It does get a bit confusing for me when I'm thinking of splitting and then using at a later date because brewers friend told me that a pack of yeast I have at the moment is 0% viability. 

I have since came home from work tonight to find it nicely swollen after smacking last night. It will be put on the stir plate tomorrow and then split once ready. 

Am I right in saying that best practise for any subsequent vials that I keep would be for me to step up to an adequate pitching amount regardless of my mfg date I label then with.


----------



## rehabs_for_quitters (3/2/14)

You'll get better yeast health by stepping it up, what I do as I use white labs is first brew I make a starter, then split a little off and freeze that bit as an archive, the good thing with whitelabs is the containers are spot on for freezing yeast and they are pre labeled just got to date them then pitch as I prefer second generation yeast as it seems to me to produce a lot more yeasty goodness flavours,

then I wash the yeast slurry and store in jars under sterile water to pitch later in the fridge, then next brew day take the jar out of the fridge shake a few times while its coming up to pitching temp then pour into fermenter on top of wort,

Never had a slow starting ferment or any dramas this way, I have used yeast that been stored this way up to around 7 months after first use, keep it in the fridge stored under sterile water and it's easy to handle, just means you need a bit more space in the fridge, then if I need another batch I thaw a yeast popsicle and build up another starter and around we go again


----------



## carniebrew (3/2/14)

supertonio said:


> It does get a bit confusing for me when I'm thinking of splitting and then using at a later date because brewers friend told me that a pack of yeast I have at the moment is 0% viability.
> 
> I have since came home from work tonight to find it nicely swollen after smacking last night.

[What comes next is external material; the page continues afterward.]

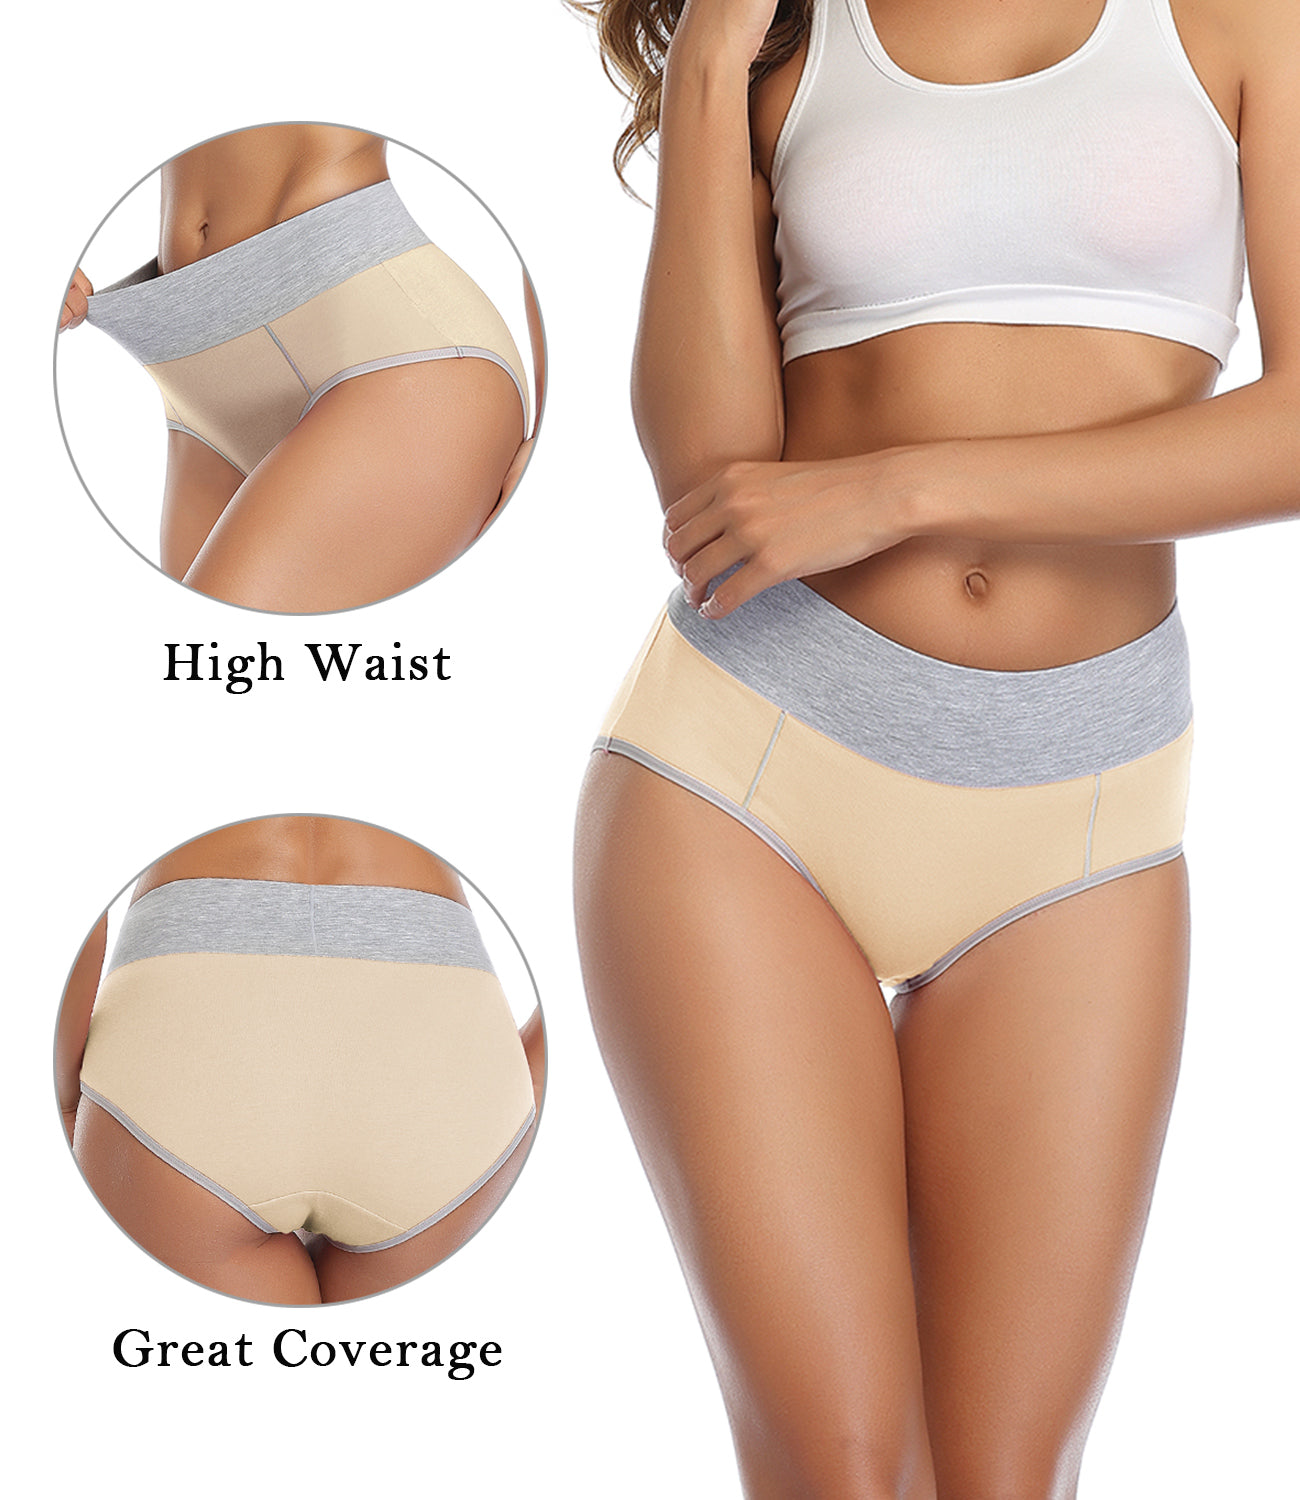 wirarpa Women's High Waisted Cotton Briefs Underwear 5 Pack

It will be put on the stir plate tomorrow and then split once ready.
> 
> Am I right in saying that best practise for any subsequent vials that I keep would be for me to step up to an adequate pitching amount regardless of my mfg date I label then with.


I found the same with Brewer's Friend, anything over about 150 days old is immediately assumed to be 0%, which is rubbish. I personally use Yeastcalc, the original site is down, but it's currently being hosted here: http://www.cheapmonkeys.com/yeastcalc/

It told me a Wyeast pack of 3068 I had was 28% viable, rather than the 0% from brewer's friend. I put the 3068 into a 1l starter last week and it went nuts as expected, I then stepped it up into a 1.5l starter a couple of days ago, and I have a truckload of healthy yeast. If I'd relied on Brewer's Friend then technically I should have nothing.


----------